- Abstract: As deep learning-based classifiers are increasingly adopted in real-world applications, the importance of understanding how a particular label is chosen grows. Single decision trees are an example of a simple, interpretable classifier, but are unsuitable for use with complex, high-dimensional data. On the other hand, the variational autoencoder (VAE) is designed to learn a factored, low-dimensional representation of data, but typically encodes high-likelihood data in an intrinsically non-separable way.
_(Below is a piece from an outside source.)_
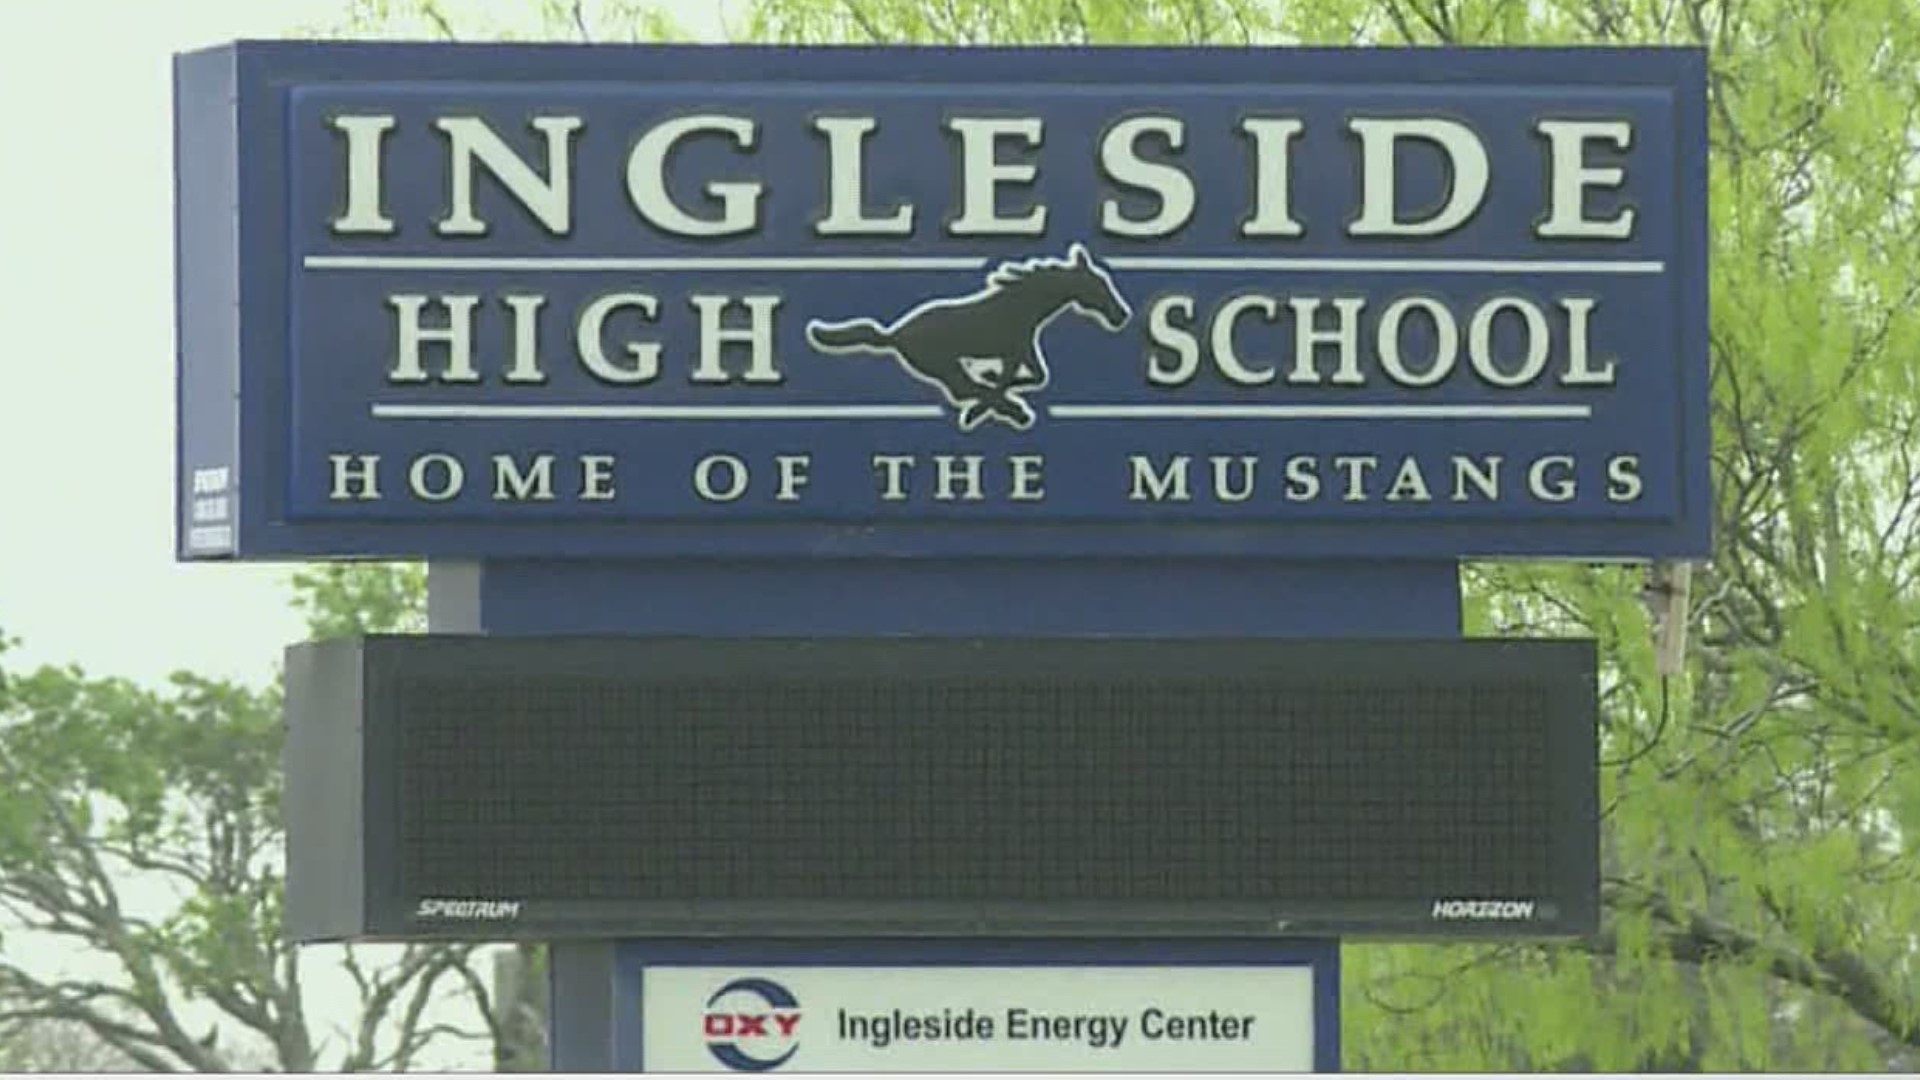 On May 1, voters gave the green light for proposition A, the issuance of $28,800,000 for bonds for the Ingleside ISD school facilities.

We introduce the differentiable decision tree (DDT) as a modular component of deep networks and a simple, differentiable loss function that allows for end-to-end optimization of a deep network to compress high-dimensional data for classification by a single decision tree. We also explore the power of labeled data in a supervised VAE (SVAE) with a Gaussian mixture prior, which leverages label information to produce a high-quality generative model with improved bounds on log-likelihood. We combine the SVAE with the DDT to get our classifier+VAE (C+VAE), which is competitive in both classification error and log-likelihood, despite optimizing both simultaneously and using a very simple encoder/decoder architecture.
- TL;DR: We combine differentiable decision trees with supervised variational autoencoders to enhance interpretability of classification.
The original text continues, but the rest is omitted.